There are so many ways college sports have been operated as a business. Even when you think about the way that these decisions to cut sports are made—they always center on the finances. Is this a business? Or is it something to provide students access to an education through sports?

I think sport provides a lot of benefits that are incalculable to a university, such as pride, bringing in more diversity—some of that can mean just bringing in a lot of out-of-state students for the state institutions. 

Speaking of benefits, I’ve always felt that college athletes are almost like marketing employees of their universities. Even those smaller sports, they are still the so-called “front porch.” And that’s not just getting the name of a school out there and creating good feelings around it. It’s marketing in terms of creating future alumni who are passionate about the school, who are going to come back to donate, who are still going to deeply care about their alma maters in 20 years. 

Sports is probably the No. 1 way to create that kind of bond. It creates nostalgia.

It creates that desire to give money back to the school when you get those fundraising letters!

Exactly. And you know, I can even speak to my experience at Princeton when we won the national championship. That made the front page of our student newspaper. There were alums who were contacting us, congratulating us, people who weren’t even connected to track and field. It was a big, galvanizing, exciting moment. And we’re not a sport that people typically care about. We ran a distance medley relay in Arkansas! But that was a big deal, in a way that the debate time or the science competition club can’t be. So yeah, athletics brings a unique value.

Since graduating in 2013, you’ve worked in education and diversity and inclusion. That sounds pretty relevant to our discussion! What kind of work have you been doing in that?

I worked at Princeton for three years as the diversity inclusion coordinator within the school’s office of career services, developing programming for first generation, low-income students. I actually created that position, which was pretty cool! I wrote a proposal to the university, because I was mad at the university for responding pretty poorly to some social unrest that was happening on campus at the time—

Seems like you get stuff done when you’re mad! Do you race angry?

<Laughs> Actually, my best races have been when I’m really calm.

Are you still running?

I've continued running since I've graduated. I've run at an elite level for the New York Athletic Club. I was planning to end my running career this year—but the pandemic hit, and I still want to go to the Olympic trials and have that experience. So I'm focusing on that. I’m also working with an athletic apparel brand on an effort to support track and field teams that have been cut.
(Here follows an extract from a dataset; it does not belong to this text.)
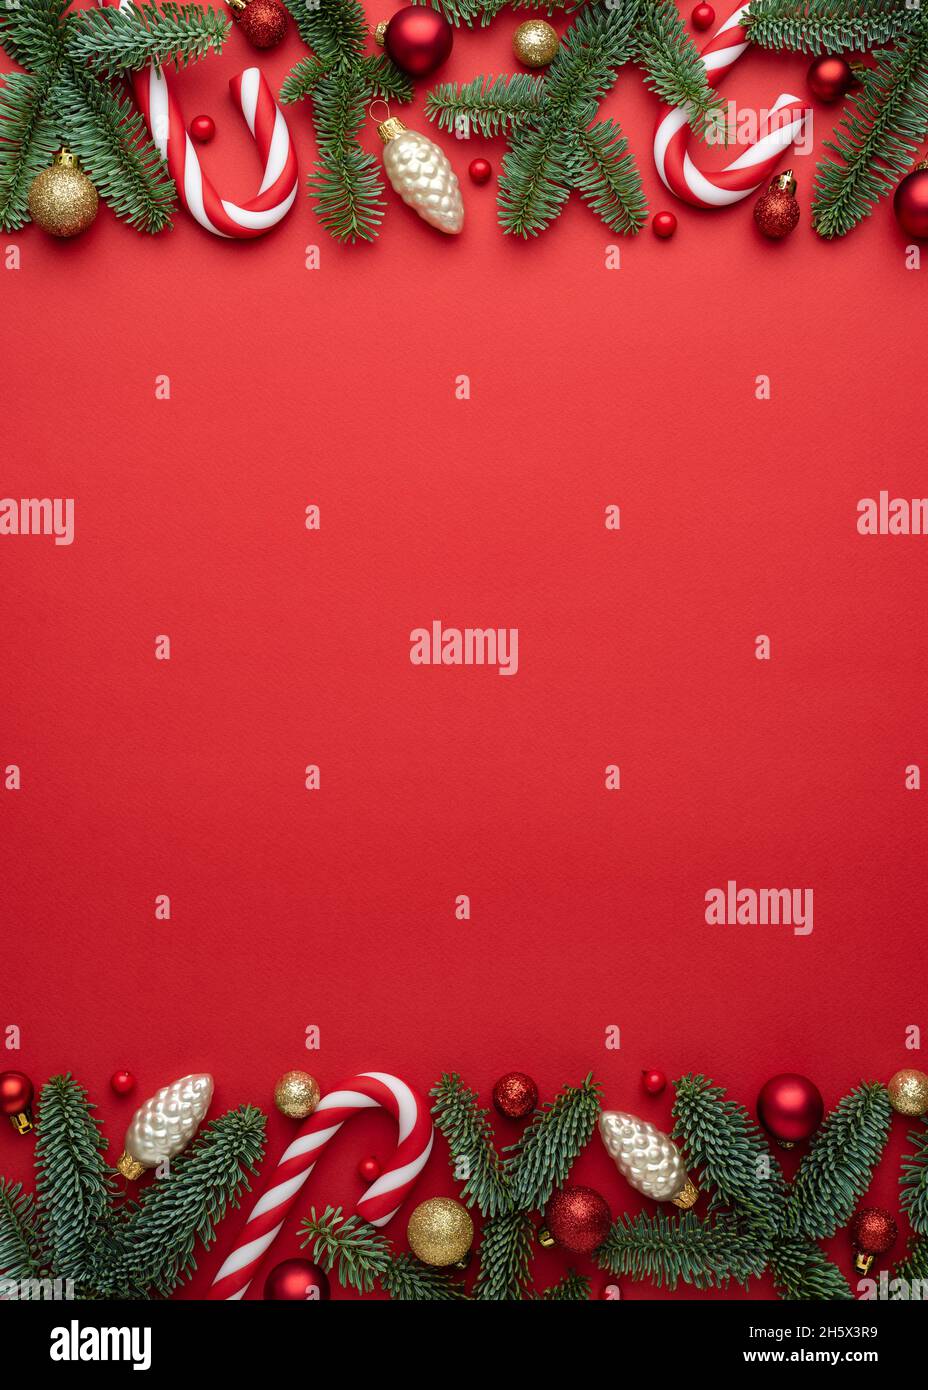 Red background with Christmas decorations made of fir branches and Christmas balls. Blank with copy space for text Stock Photo

That’s been an exciting new development.

The pandemic gave me a moment to take a beat. And I decided that I wanted to start writing. I have a lot of ideas—but I've always been a bit tentative to express those ideas. Which is funny, because I express myself very vociferously in speaking to people, and also on my personal Facebook. But writing is a really vulnerable way of expressing yourself. Someone can go back and look at it and be like, ‘hmmm, his period is not in the right place.’

Welcome to my neurotic world!

I'm still thinking about what my next steps specifically will be. I never thought of writing as activism, and that my writing could crate a change. But I’ve been developing a voice and a platform. And one of the things I’ve taken away from what’s happened with Brown—one of the things I really want people to take away—is that we don’t necessarily understand or know the power of our own voices unless we use them. There are ways that we all can be active.